{-# OPTIONS --without-K --exact-split #-}
open import TransportLemmas
open import ProductIdentities
open import EquivalenceType
open import HomotopyType

Decidable equality

A type has decidable equality if any two of its elements are equal or different. This would be a particular instance of the Law of Excluded Middle that holds even if we do not assume Excluded Middle.

module DecidableEquality where

decEq
  : ∀ {ℓ : Level} → (A : Type ℓ) → Type ℓ

decEq A = (a b : A) → (a == b) + ¬ (a == b)
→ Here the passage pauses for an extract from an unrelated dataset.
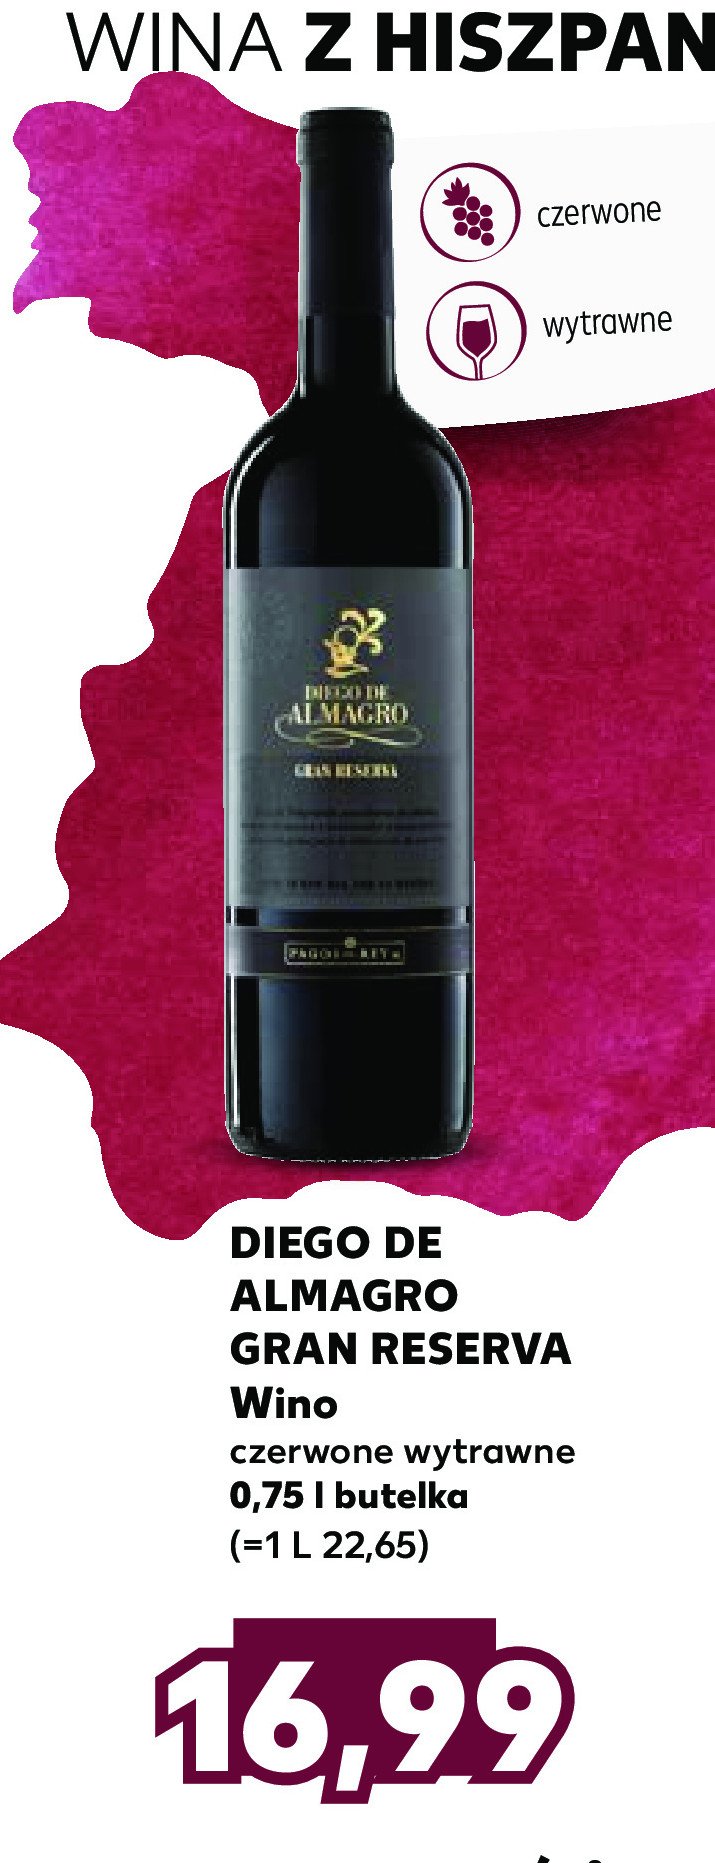 Wino DIEGO DE ALMAGRO GRAN RESERVA promocja

and a more convenient name for this:

_is-decidable
  : ∀ {ℓ : Level} → (A : Type ℓ) → Type ℓ
A is-decidable = decEq A

The product of types with decidable equality is a type with decidable equality.

decEqProd
  : ∀ {ℓ : Level} {A B : Type ℓ}
  → decEq A → decEq B
  -------------------
  → decEq (A × B)

decEqProd da db (a1 , b1) (a2 , b2)
 with (da a1 a2) | (db b1 b2)
... | inl aeq | inl beq = inl (prodByComponents (aeq , beq))
... | inl _   | inr bnq = inr λ b → bnq (ap π₂ b)
... | inr anq | _       = inr λ b → anq (ap π₁ b)

This surely can be extend to other types.